ただ、次第に使えなくなってくる場合もあるため、水没した段階でディーラーに相談しておくのが得策です。
電池が切れたときの対処法
利便性の高いスマートキーですが、電池が切れた場合の対処法は重要です。先述したように、スマートキーの電池の寿命は使用頻度によって異なりますが、約1~2年と言われています。
電池の残量が低下すると、スマートキーの機能が正常に動作しなくなり、キーが遠くにあると誤認し勝手に施錠されてしまう可能性があります。万が一に備えて対処法を知っておきましょう。
また、スマートキーの電池残量を確認する方法は車種によって異なります。
電池残量が少なくなると、メーターパネルにアイコンやインフォメーションディスプレイにメッセージが表示されるもの、ドアの施解錠できる距離が短くなるもの、エンジンを始動する際にアラームが鳴る機能を備えているものなどがあります。
スマートキー本体についているライトの色によって電池残量が分かるものもあるので、確認してみてください。
電池を交換する
スマートキーの電池交換は簡単に行えることが殆どです。メーカーや車種によって異なりますが、基本的な電池交換の流れは以下の通りです。
- 内蔵されているメカニカルキーを引き抜く
- カバーを取り外す
- 古い電池を取り出して新しい電池を取り付ける
- カバーを取り付ける
- メカニカルキーを差し込む
電池交換に自信がない方は、ディーラー、ガソリンスタンド、カー用品店などで依頼できます。費用は、だいたい500円~1,500円ほどです。
詳細な金額は直接店舗に確認すると良いでしょう。無理に自身で交換して傷をつけてしまうよりは、プロに依頼する方が安心です。
内蔵されているメカニカルキーを使う
電池が切れる前に定期的に交換しておくのが最も安全ですが、出先で電池が切れてしまう可能性も少なからずあります。
そういった突然のトラブルに備えて、スマートキーにはメカニカルキーが内蔵されており、それを使ってドアの施解錠・エンジンを始動することが可能です。

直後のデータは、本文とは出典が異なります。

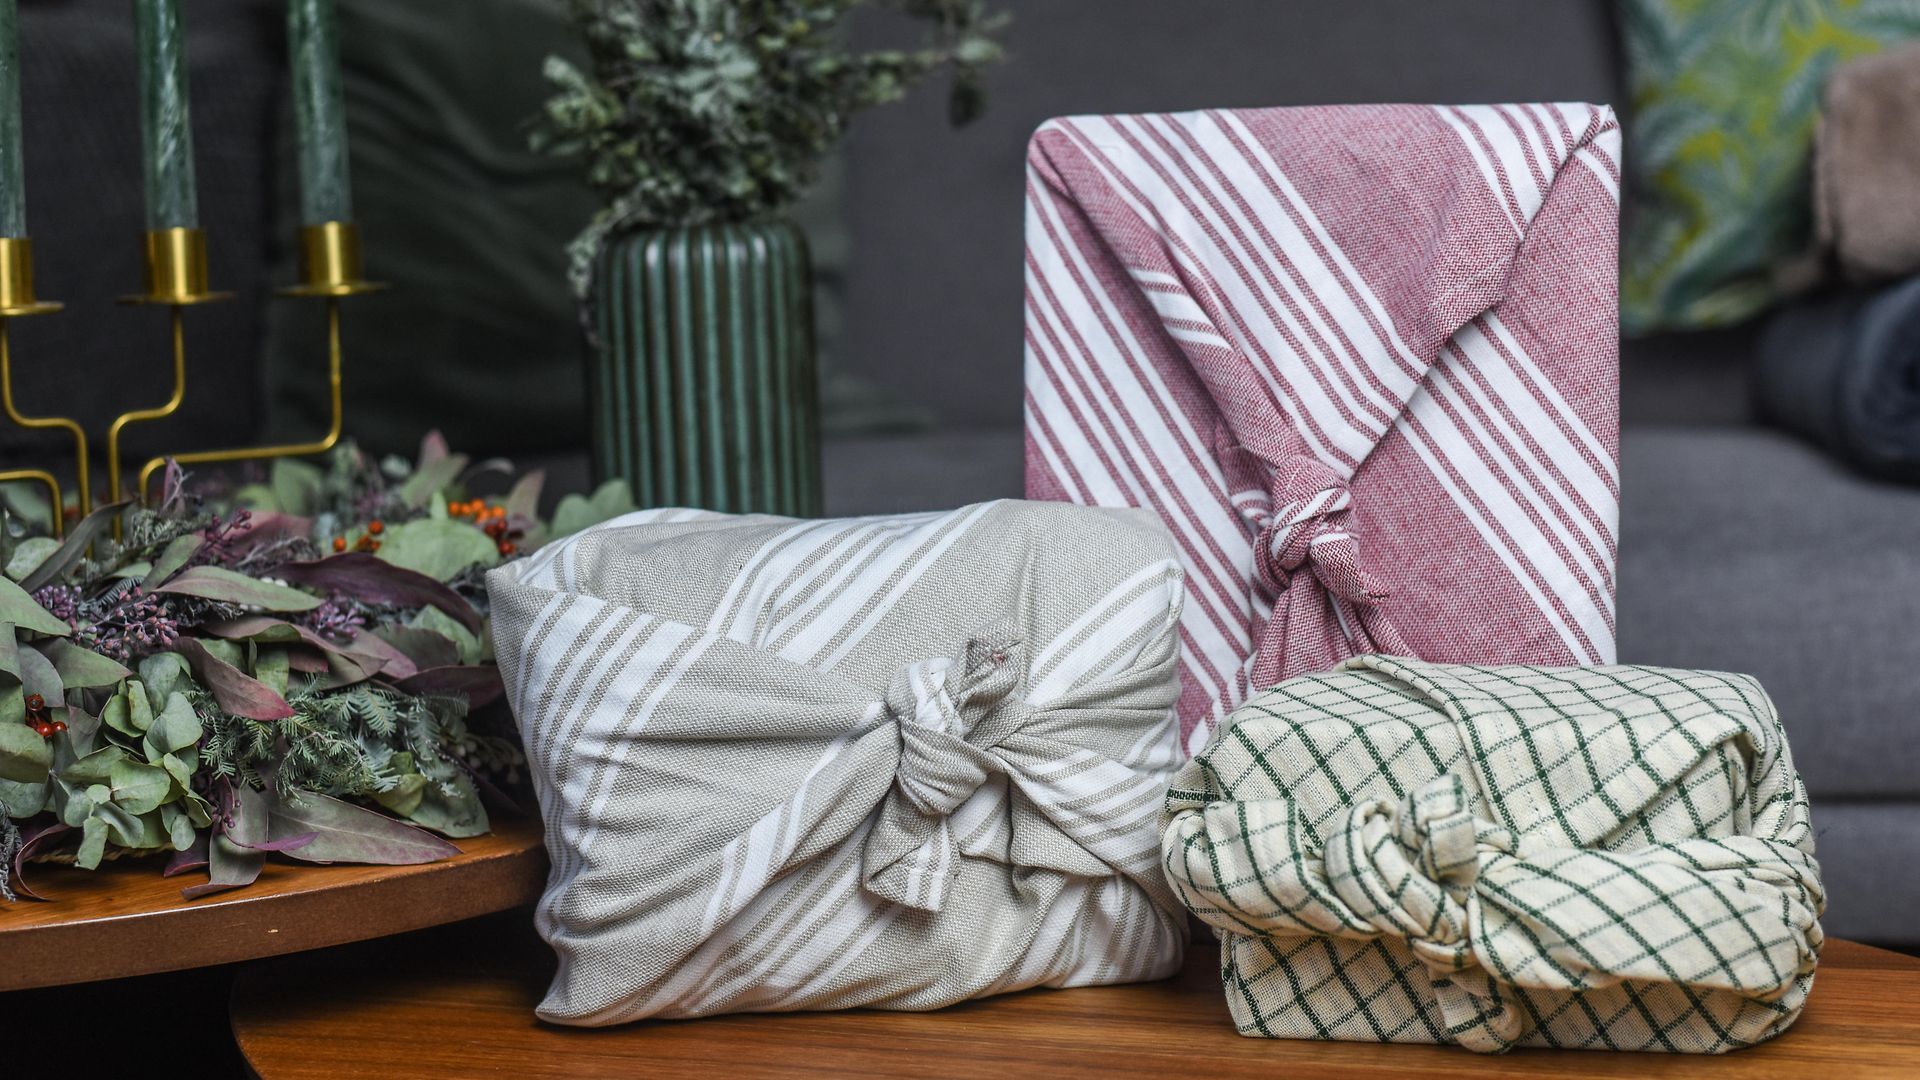 Drei Geschenke sind mit Stoff verpackt und liegen auf einem weihnachtlich geschmückten Tisch.

ドアを解錠するときは、スマートキーに収まっているメカニカルキーを取り出して、鍵穴に挿してドアを解錠します。鍵穴はドアノブ付近にあることが多いです。
エンジンを始動するときは、シフトポジションが「P」にあることを確認し、ブレーキを踏みながらスマートキーのロゴの面をスタートボタンに触れさせます。ボタンの色が点灯したらブレーキを踏みながらスタートボタンを押してください。
なお、各メーカーや車種によってエンジンの始動方法が異なるので、いざという時のために説明書を読んで確認しておきましょう。

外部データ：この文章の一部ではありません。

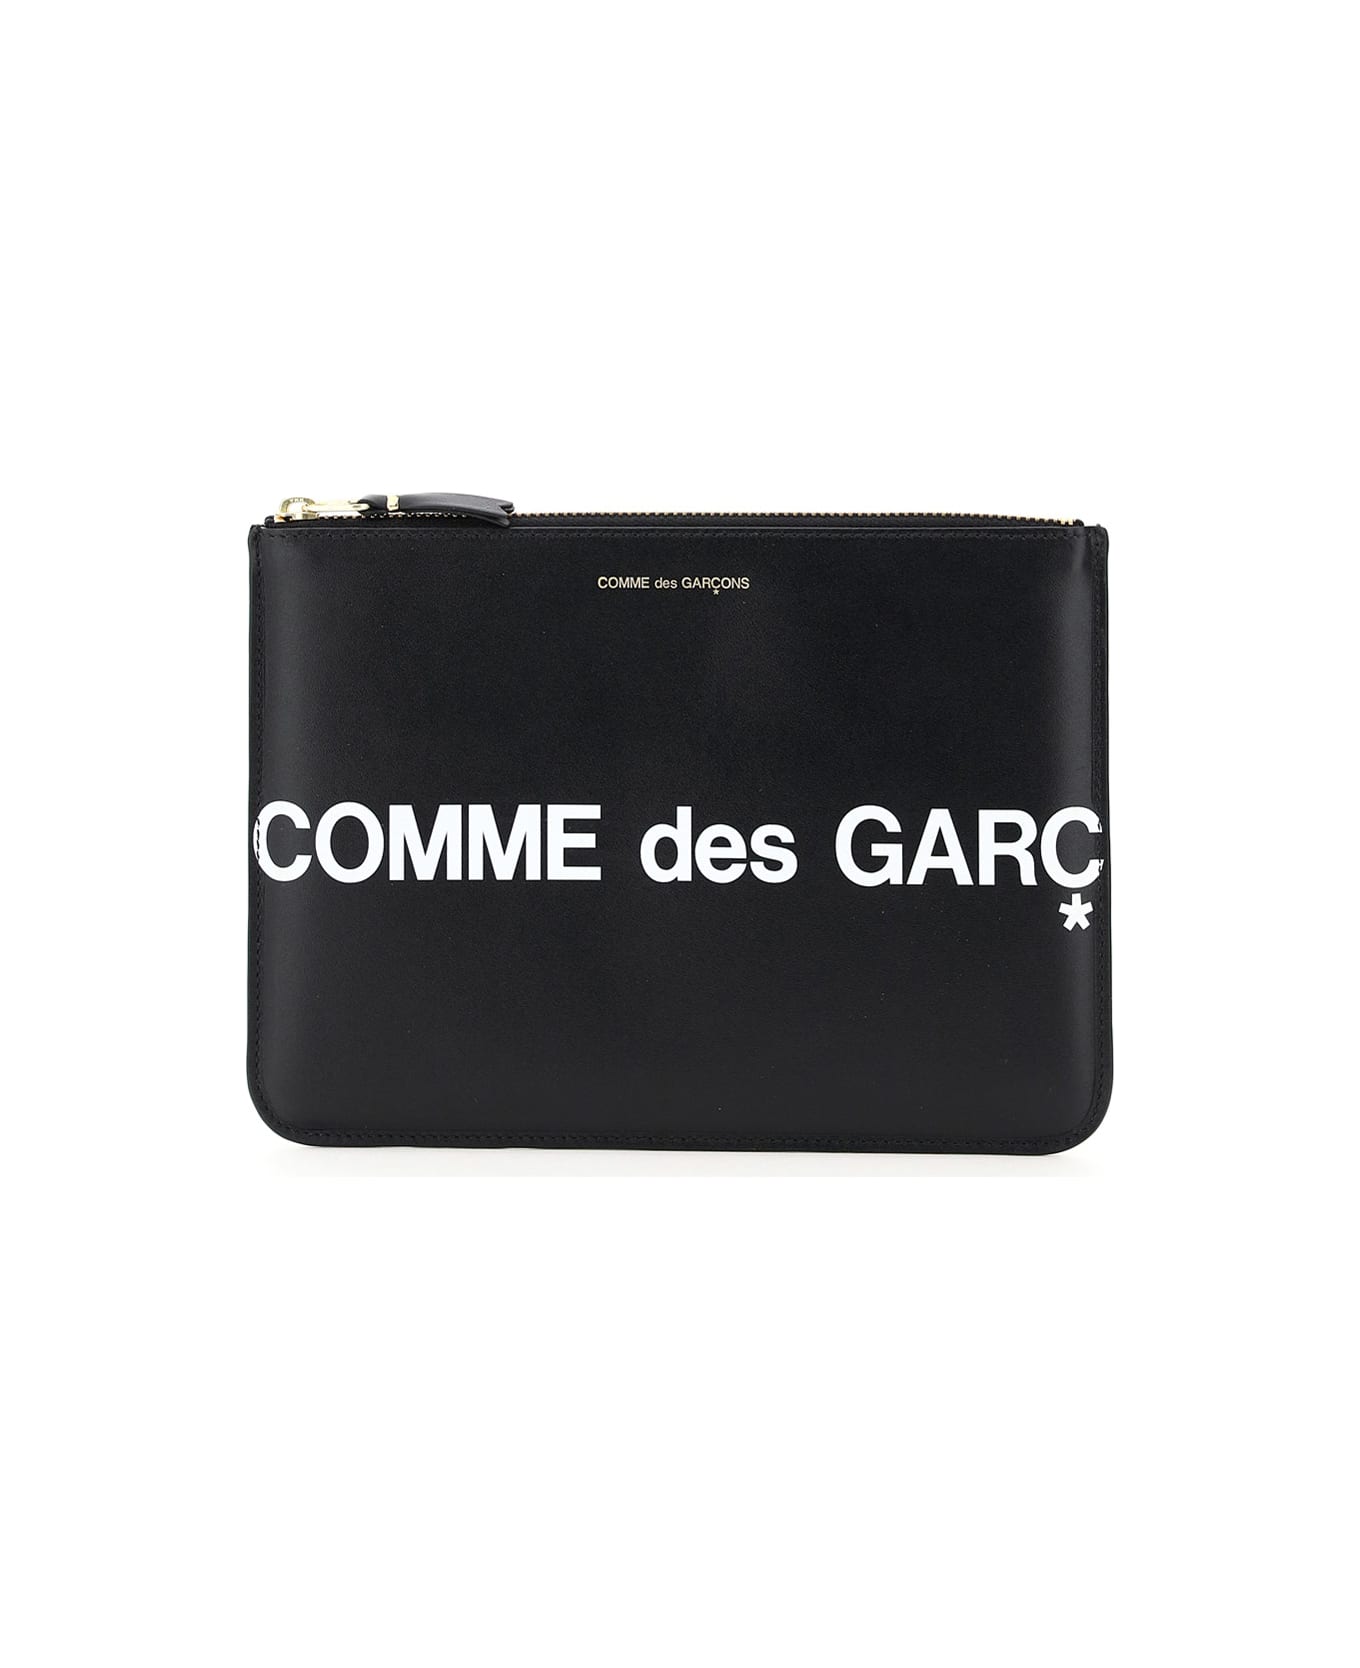 Comme des Garçons Wallet Leather Pouch With Logo - Black

▼関連ページ車の鍵トラブルは出張専門の鍵屋「鍵猿」にお任せ
ここまでスマートキーの仕組みやメリット・デメリットについて解説してきましたが、いかがでしたでしょうか?
従来の鍵穴に鍵を挿してドアの施解錠・エンジンを始動するやり方に比べて、スマートキーはとても便利になりました。
一方で、便利になった故のデメリットも少なからず存在します。そういった点を理解したうえで、使用することが大切です。